CALL METHOD csref->compress_text_stream_end
EXPORTING TEXT_IN = 'Last text'
TEXT_IN_LEN = -1.
" create a new buffer, which,
" due to if_abap_gzip_text_handler~use_out_buf being static
" the buffer variables also have to be static, therefore,
" cannot be concurrently reused in another compression instance
CREATE OBJECT uref2.
WRITE: / uref2->buffer.
04-03-2019 1:55 PM
04-03-2019 1:33 PM
I'm not sure that I understand your problem, but I think that this code could be help you to solve.
report zzzjc_test01.
" Define a buffer handler class
class user_outbuf definition.
public section.
interfaces if_abap_gzip_text_handler.
class-data:
buffer type x length 1000, " predefine size of the buffer
buffer_len type i value -1. " -1 means the total length of buffer
endclass.
class user_outbuf implementation.
method if_abap_gzip_text_handler~use_out_buf.
write: / buffer.
endmethod.
endclass.
start-of-selection.
types begin of lty_list_buffers.
types uref type ref to user_outbuf.
types csref type ref to cl_abap_gzip_text_stream.

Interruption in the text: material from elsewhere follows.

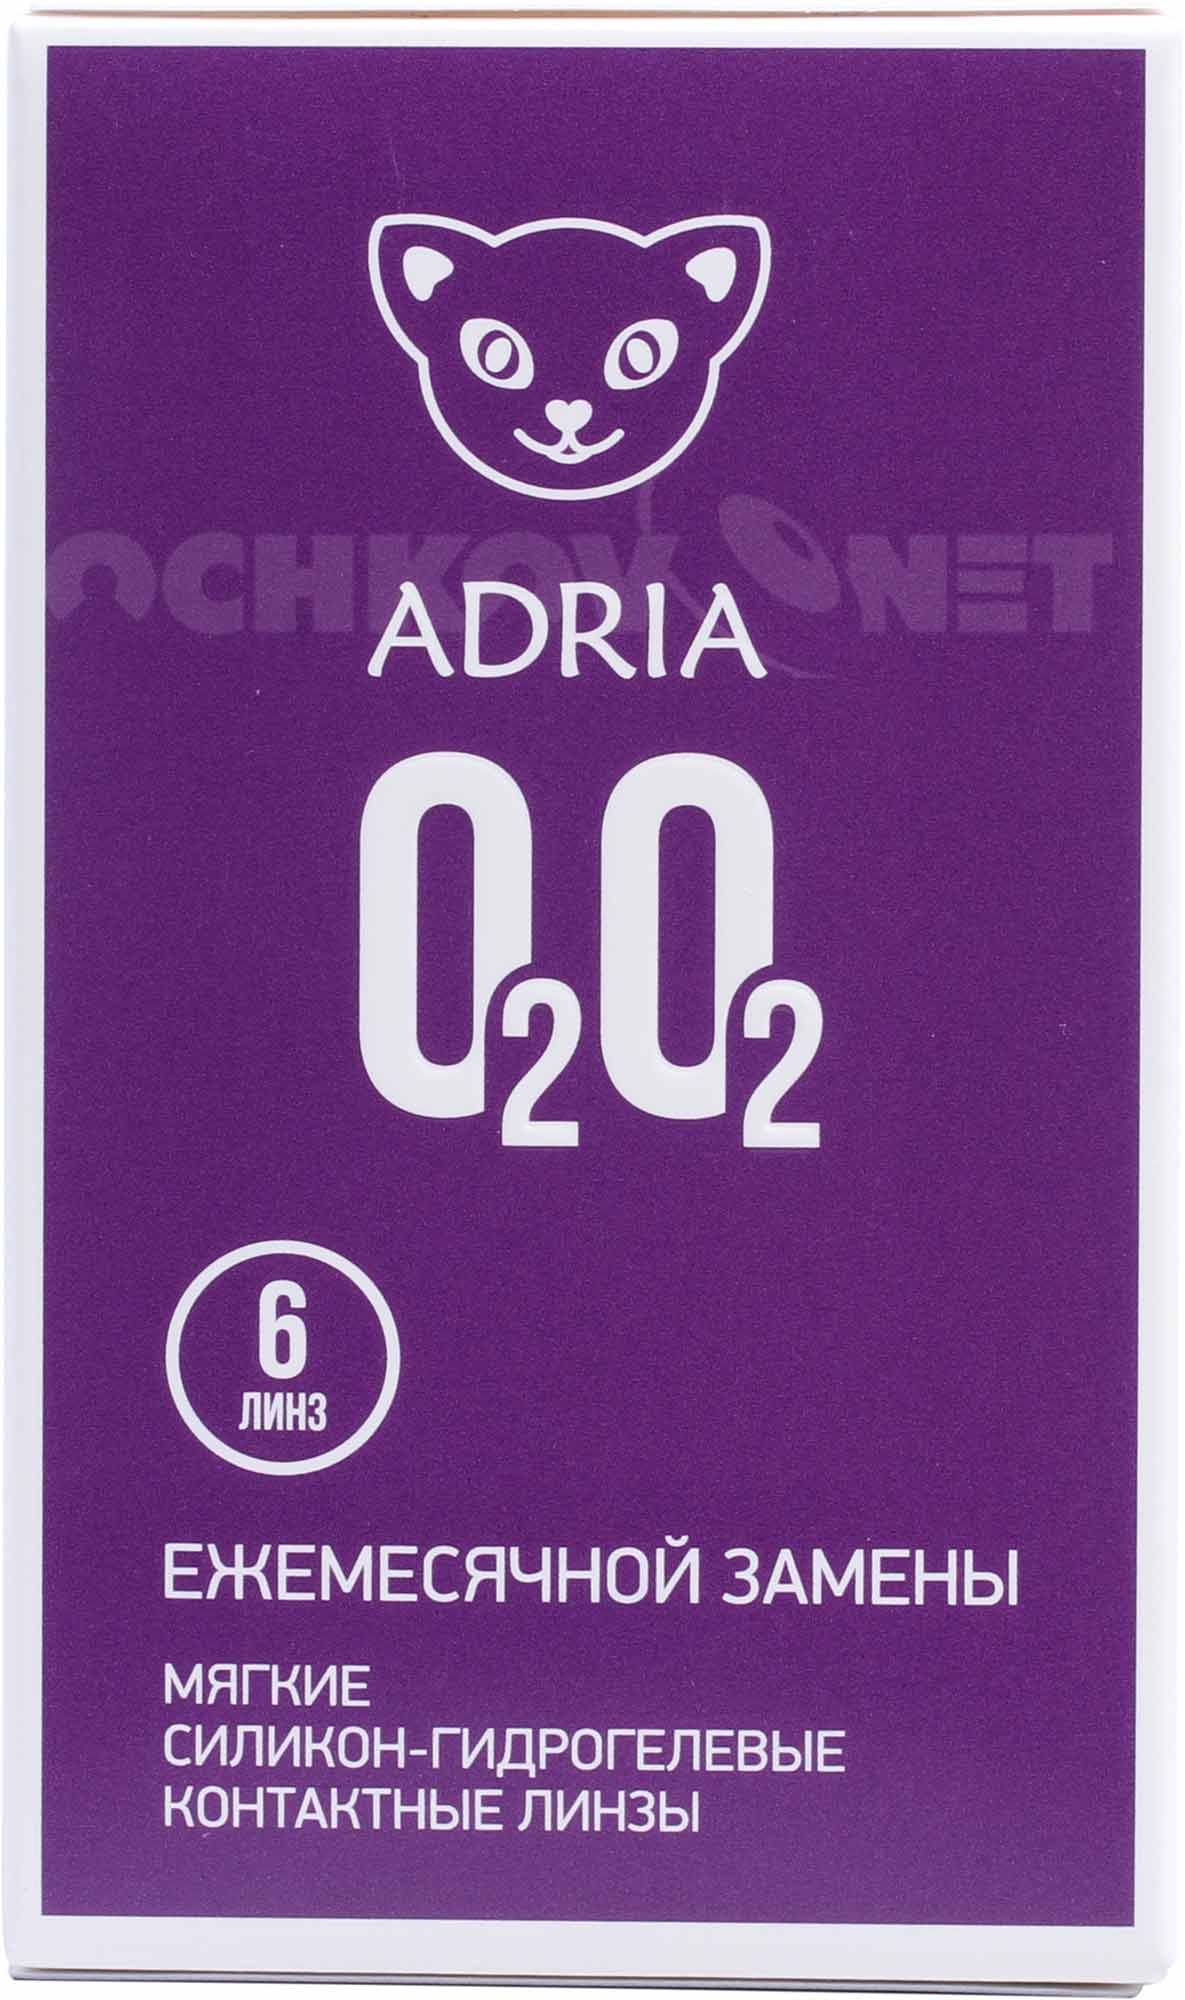 Купить Контактные линзы Adria O2O2 (6 линз), Interojo

types end of lty_list_buffers.
types lty_list_buffers_tt type standard table of lty_list_buffers with empty key.
data lt_list_buffers type lty_list_buffers_tt.
" your input text as an itenal table
data lt_input_text type standard table of string with empty key.
loop at lt_input_text assigning field-symbol(<ls_input_text>).
append initial line to lt_list_buffers assigning field-symbol(<ls_list_buffers>).
<ls_list_buffers>-uref = new user_outbuf( ).
<ls_list_buffers>-csref
= new cl_abap_gzip_text_stream(
conversion = 'DEFAULT'
output_handler = <ls_list_buffers>-uref ).
<ls_list_buffers>-csref->set_out_buf(
importing
out_buf = <ls_list_buffers>-uref->buffer
out_buf_len = <ls_list_buffers>-uref->buffer_len
).
<ls_list_buffers>-csref->compress_text_stream(
exporting
text_in = <ls_input_text>
text_in_len = -1
).
<ls_list_buffers>-csref->compress_text_stream_end(
exporting
text_in = <ls_input_text>
text_in_len = -1
).
endloop.
loop at lt_list_buffers assigning <ls_list_buffers>.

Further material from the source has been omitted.